Jo will only share things she’d say to someone’s face. After a recent break-up, she blogged about her distress, but omitted the details. “My personal feelings feel more like mine to share, whereas a relationship is a joint project.”
For Francesca, the line is drawn at blogging about your sex life, or about a personal grievance. “I especially hate to see people berate their other halves online,” she says. “Sort it out in person!” Yet, like other bloggers, she’s conscious that there’s no hard and fast rule; mostly we make it up as we go along. “Am I disclosing too much? You have to go with your gut,” says McCartney.
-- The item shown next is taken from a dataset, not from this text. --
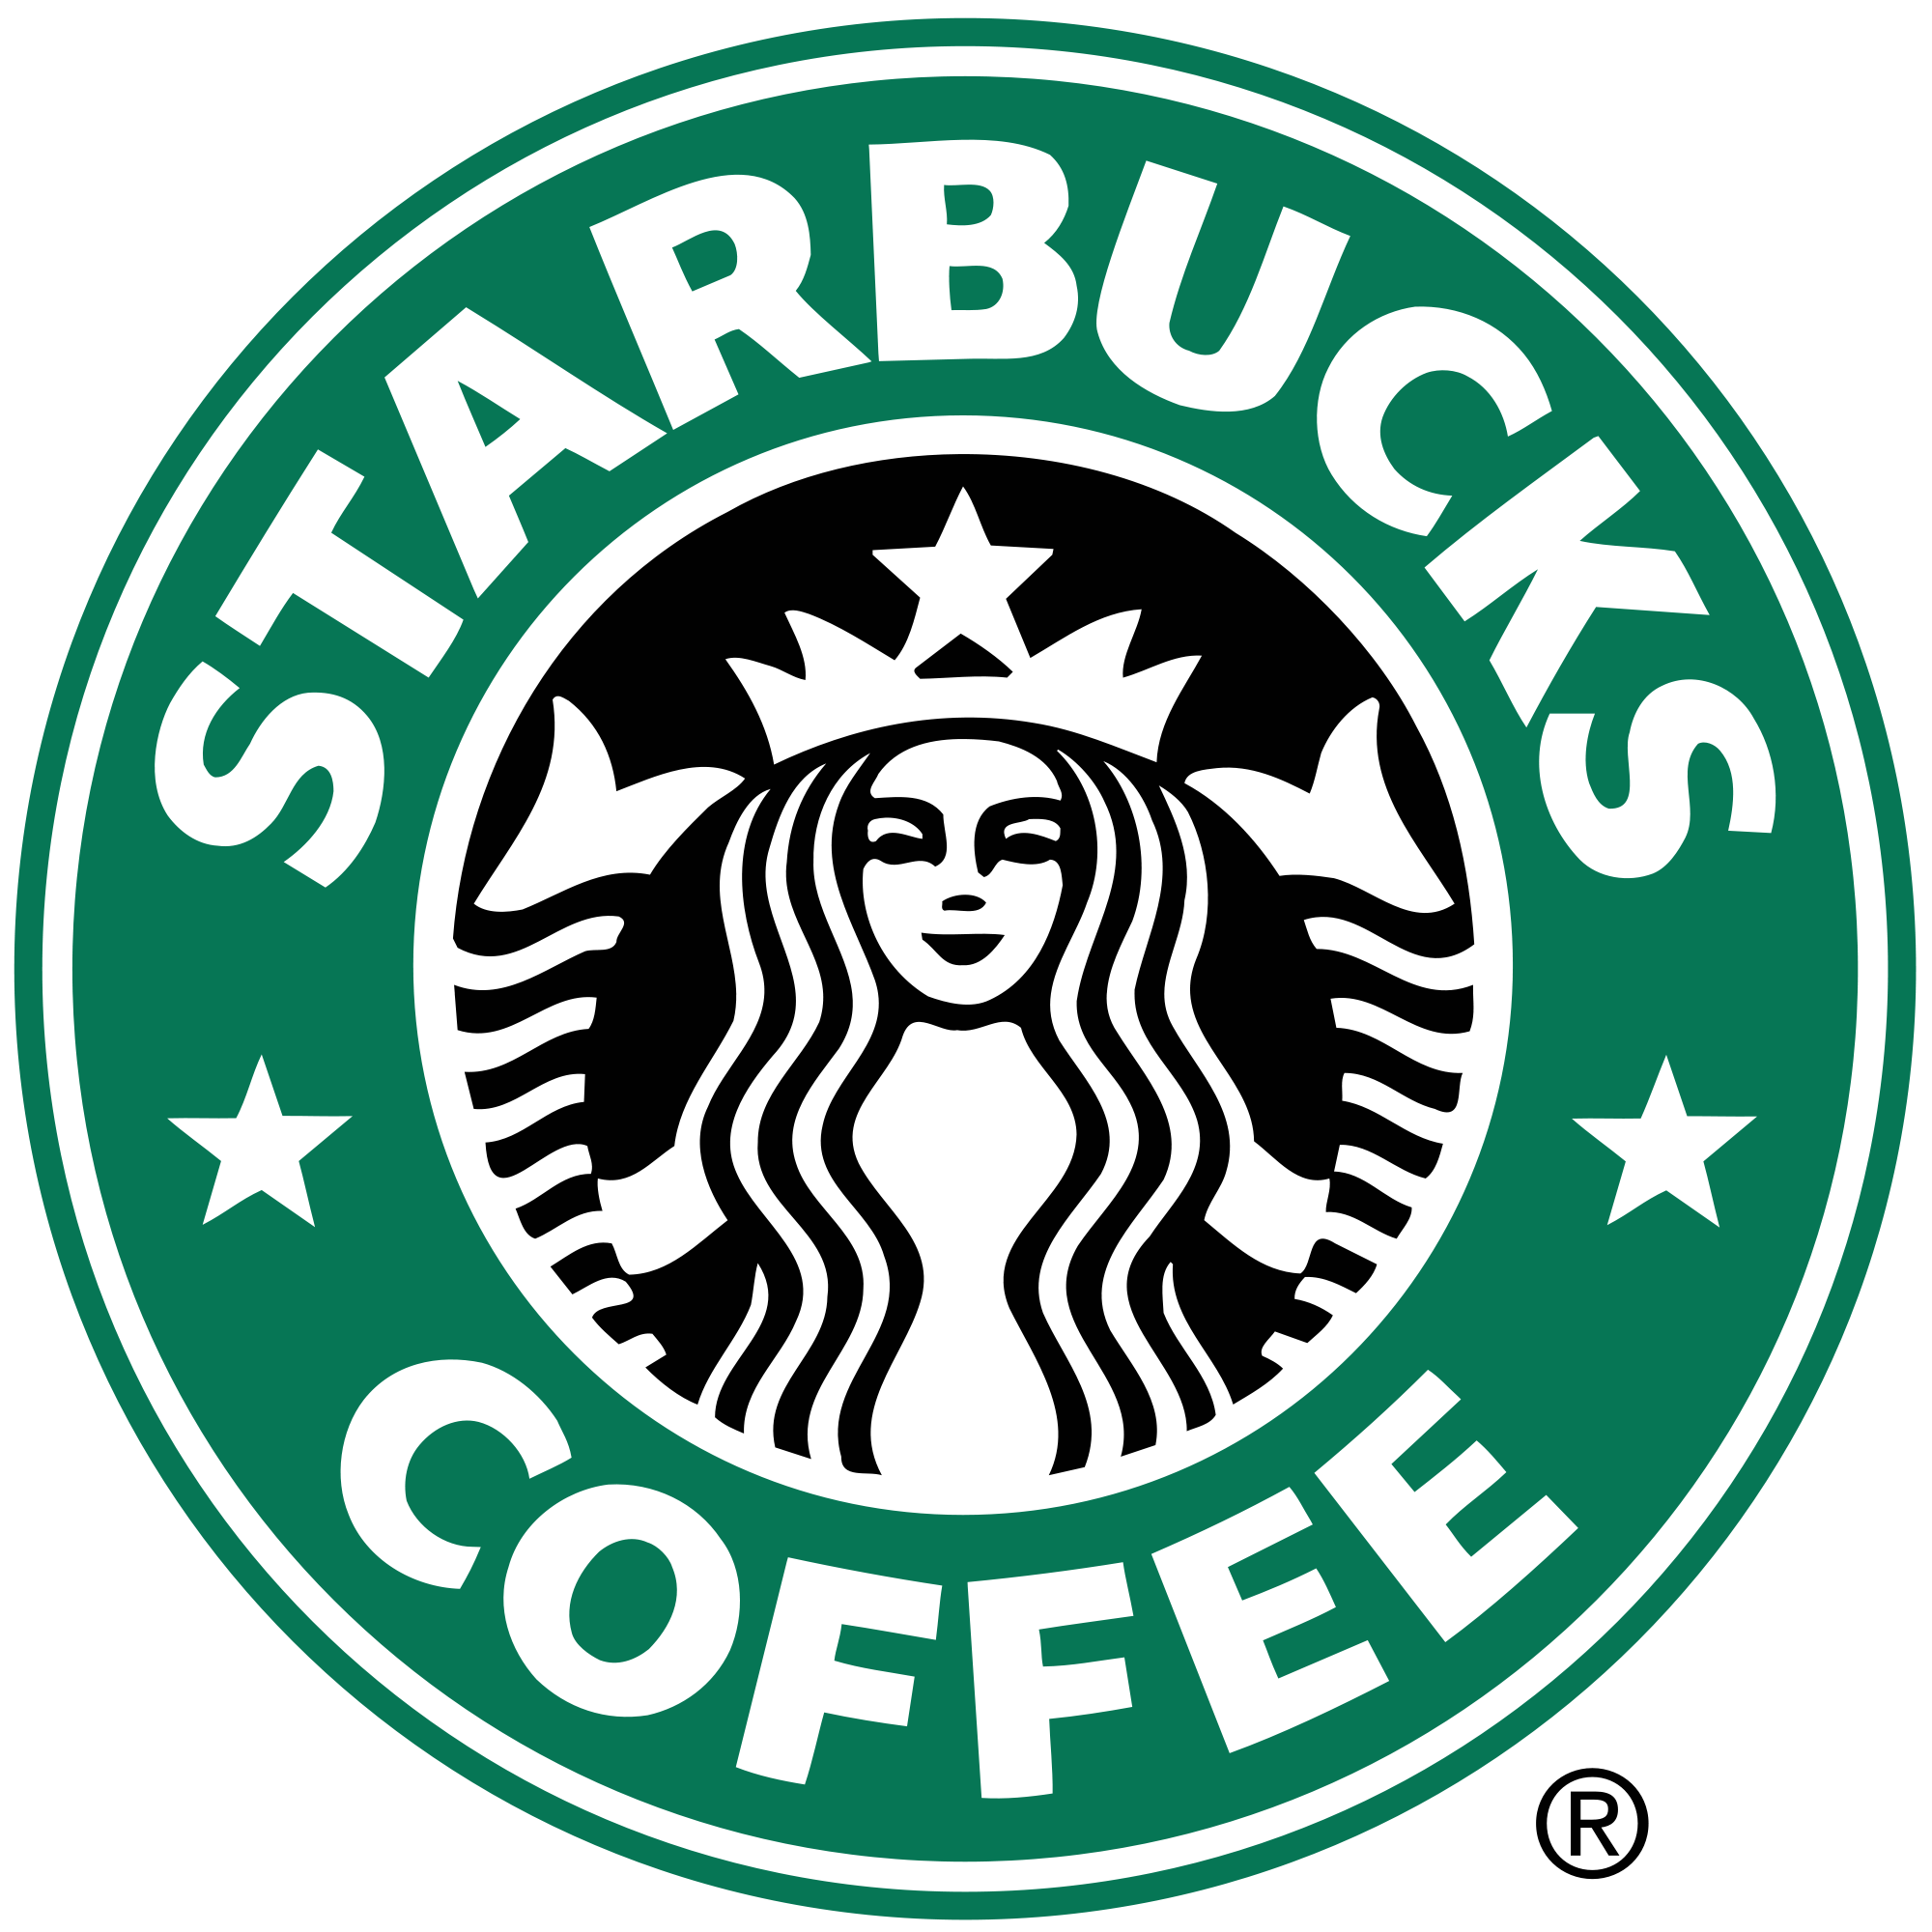 File:Starbucks logo 2011.png

What’s clear is that we need to figure out the etiquette of sharing – and fast. The platforms we use may change, with young people reportedly leaving Facebook in droves, but our enthusiasm for sharing looks unlikely to wane. “Many people – particularly the generation growing up with social media as a key part of their lives – are going to have to grapple with some complicated issues about privacy and self-presentation over the next few years,” agrees Buchanan.
In the meantime, the advice is to think before we click. “Perhaps every smartphone should have a 20-second delay,” suggests McCartney. She sighs. “People will never go for that.”